Докурив, Андрей Иванович вернулся в комнату и уже хотел было закрыть балконную дверь… но неожиданная мысль остановила его. Он вдруг смутно подумал (даже не подумал — почувствовал, как будто речь шла о нем самом), что за закрытой дверью птенец останется совсем один: один на крохотном выступе в стене огромного, как скала, тысячеоконного — тысячеглазого — дома, над пропастью ревущего двигателями и голосами двора, безнадежно, обреченно отрезанный от… от него, Андрея Ивановича — единственного человека и вообще существа на свете, которое может ему помочь… Подумав и почувствовав так, Андрей Иванович оставил балконную дверь открытой.
Надо было идти к гостям — о чем-то говорить, что-то отвечать, улыбаться: нет хуже муки, чем улыбаться, когда хочется выть.
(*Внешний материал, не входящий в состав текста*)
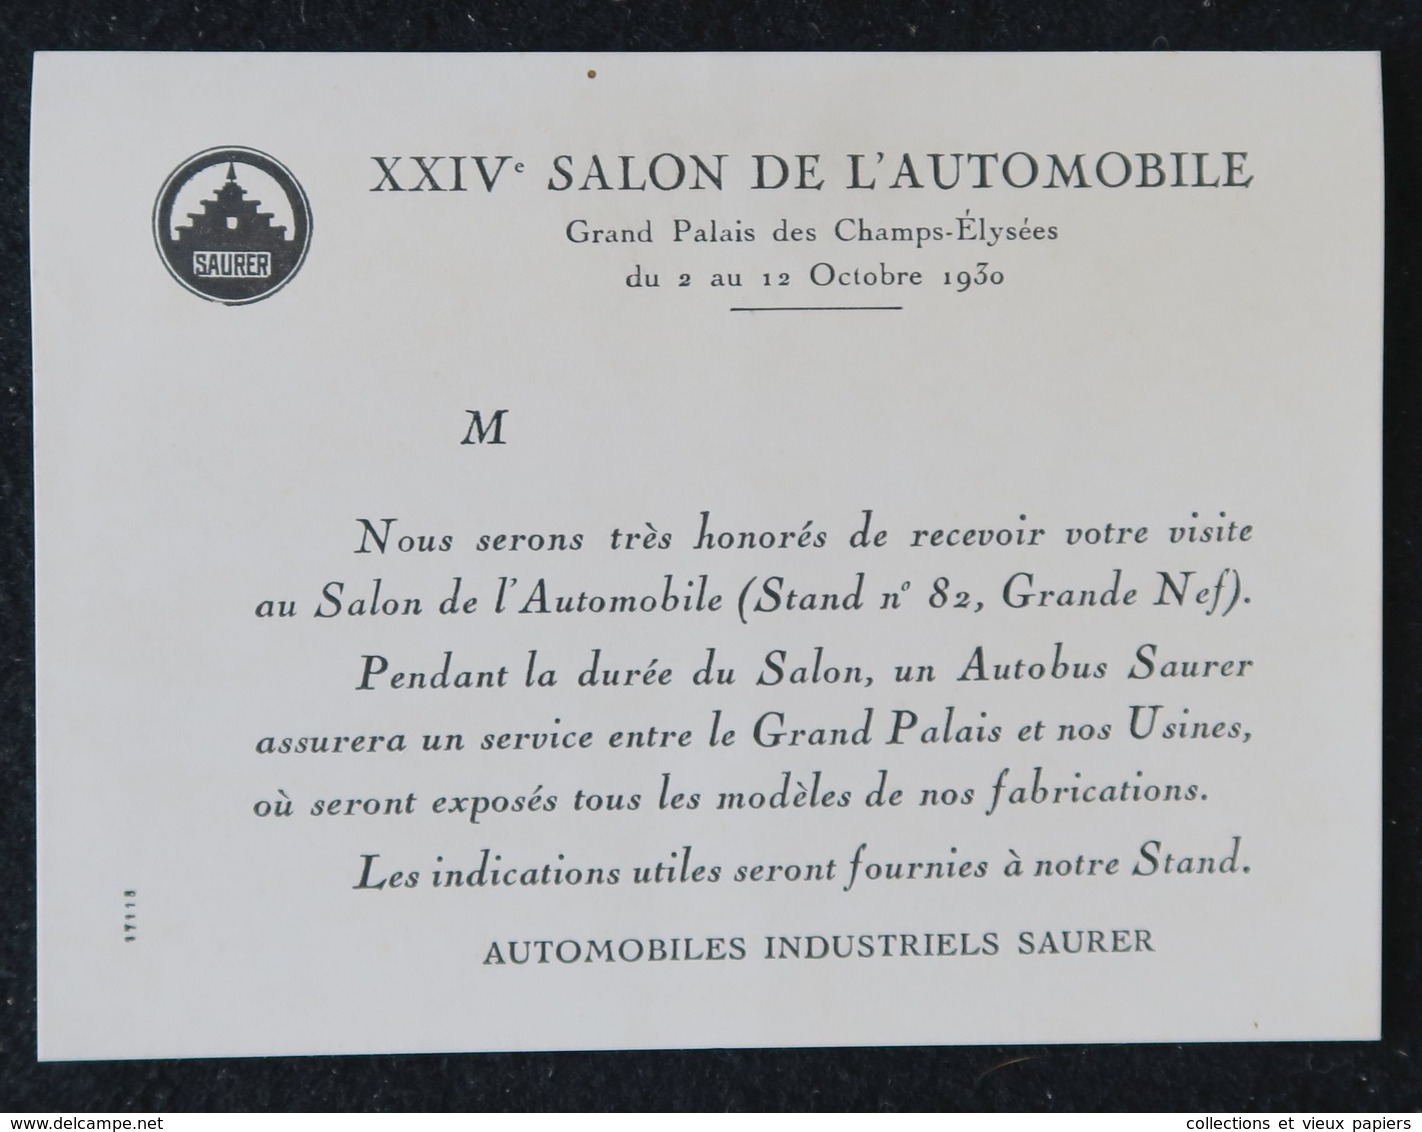 Automobiles Industriels SAURER Suresnes 1930 - Invitation XXIVème Salon De L'automobile - Automobile

А как он стремился домой — в одиночество, в тишину… да что же это за издевательство такое?! Впрочем, возня с птенцом, как ни странно, немного его успокоила, и прежние тягостные мысли и чувства еще не успели возвратиться к нему во всей своей полноте; кроме того, ему страшно хотелось есть — по приходе домой его голод, заглушаемый бесконечным чаем с сухариками и табаком, всегда прорывался. Ну и что ж — он пришел с работы, ему хочется есть, он будет сидеть и есть, а они… пусть говорят. Андрей Иванович вздохнул и вышел из комнаты.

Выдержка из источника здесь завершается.